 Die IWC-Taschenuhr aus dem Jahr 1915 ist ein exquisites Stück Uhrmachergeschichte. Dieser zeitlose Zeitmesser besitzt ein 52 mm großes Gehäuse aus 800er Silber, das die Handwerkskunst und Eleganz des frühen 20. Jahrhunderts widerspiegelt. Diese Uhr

---+---

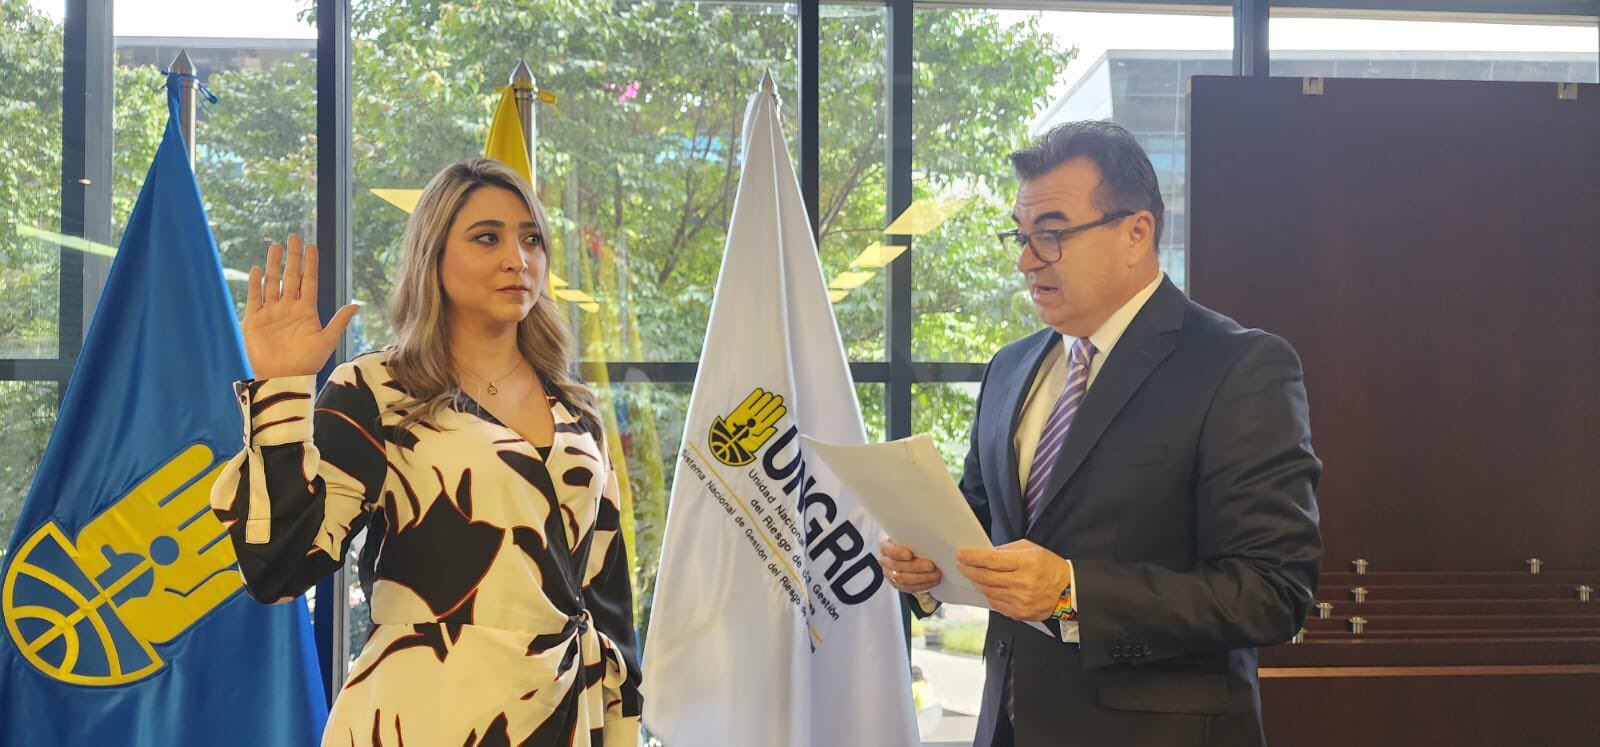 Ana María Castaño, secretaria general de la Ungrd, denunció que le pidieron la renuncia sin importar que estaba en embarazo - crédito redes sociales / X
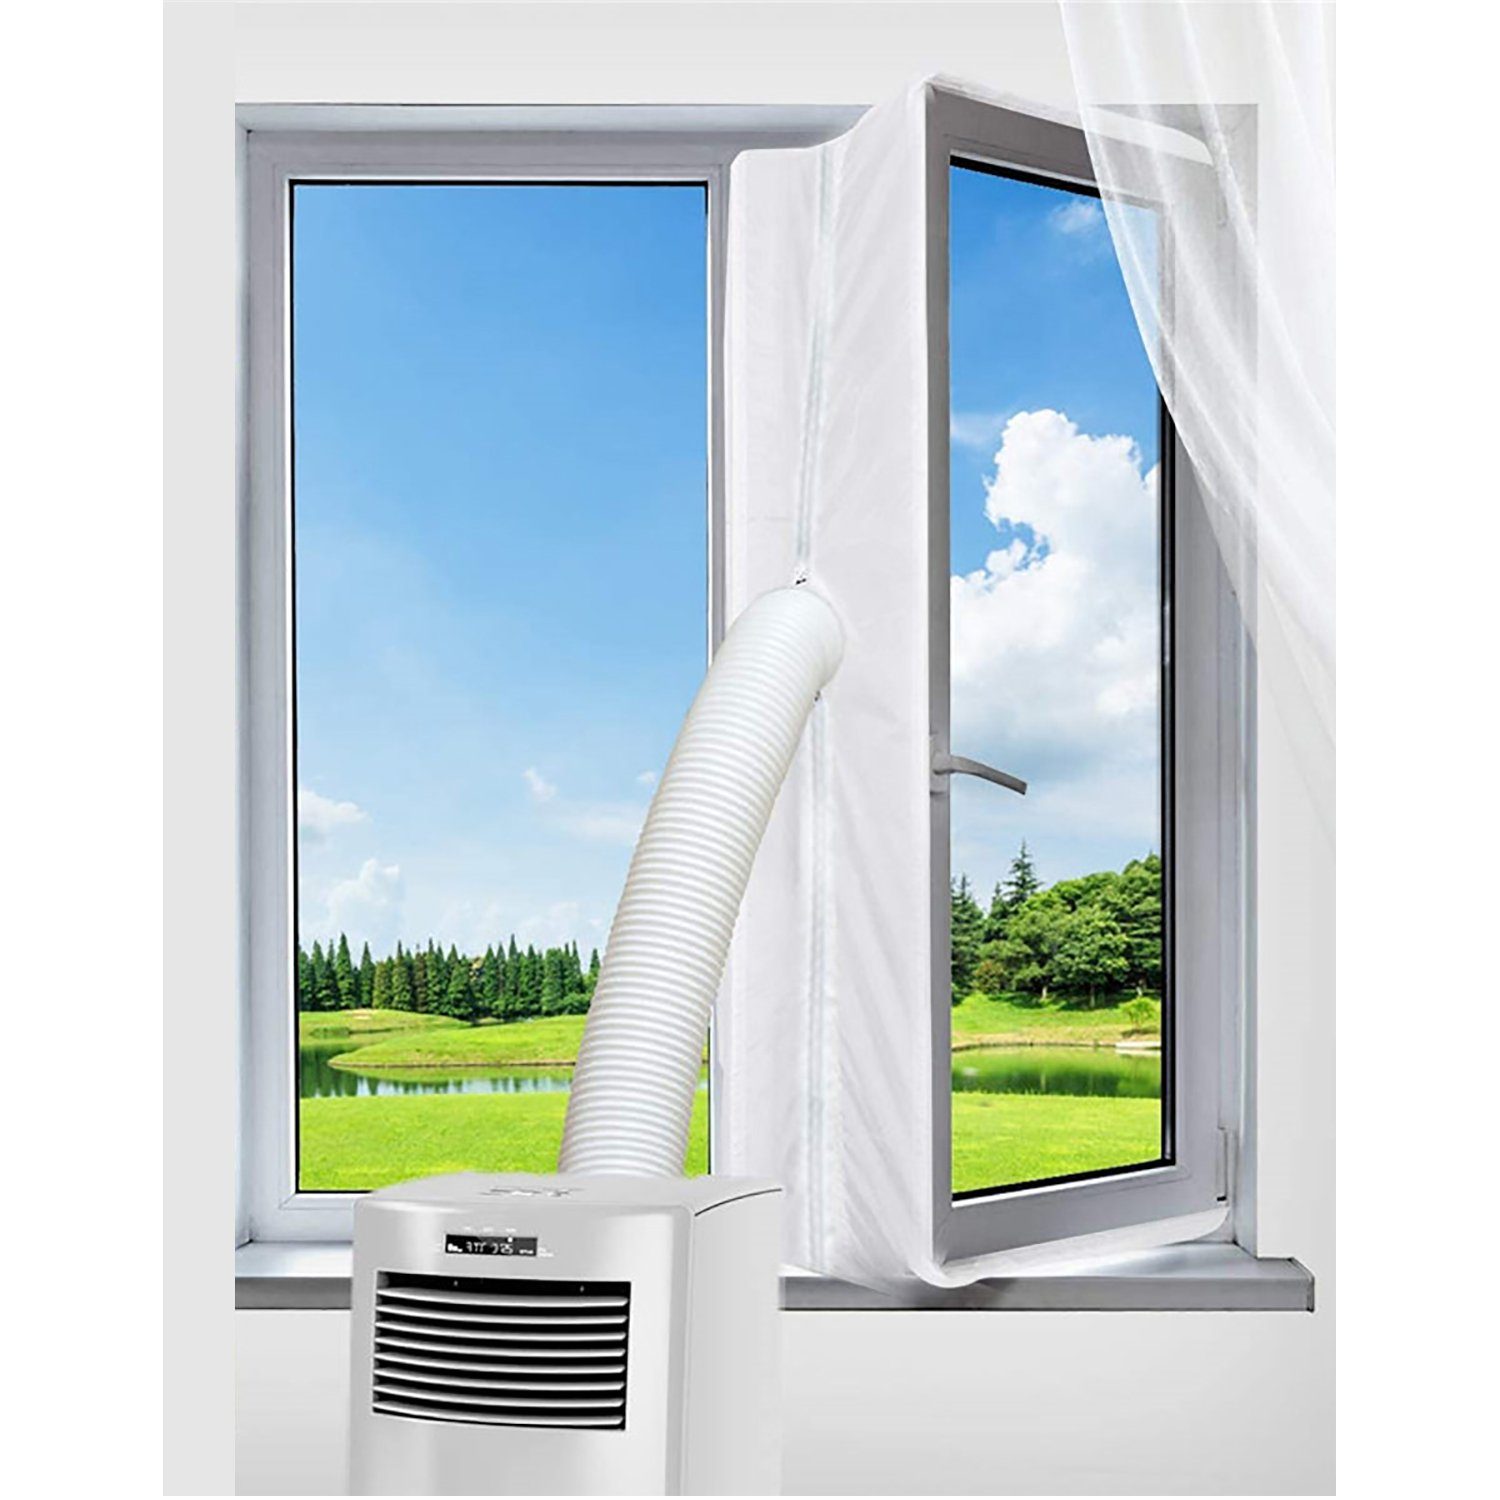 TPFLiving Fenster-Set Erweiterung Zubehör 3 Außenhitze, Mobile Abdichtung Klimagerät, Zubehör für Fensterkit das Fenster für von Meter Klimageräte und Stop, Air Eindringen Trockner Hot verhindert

---+---

**Work required:** In the data above, the stretch from the line with "Ana María Castaño, secretaria" through the line with "TPFLiving Fenster-Set Erweiterung" is to be returned exactly, minus any pictures.

**Finished task:**
 Ana María Castaño, secretaria general de la Ungrd, denunció que le pidieron la renuncia sin importar que estaba en embarazo - crédito redes sociales / X
 TPFLiving Fenster-Set Erweiterung Zubehör 3 Außenhitze, Mobile Abdichtung Klimagerät, Zubehör für Fensterkit das Fenster für von Meter Klimageräte und Stop, Air Eindringen Trockner Hot verhindert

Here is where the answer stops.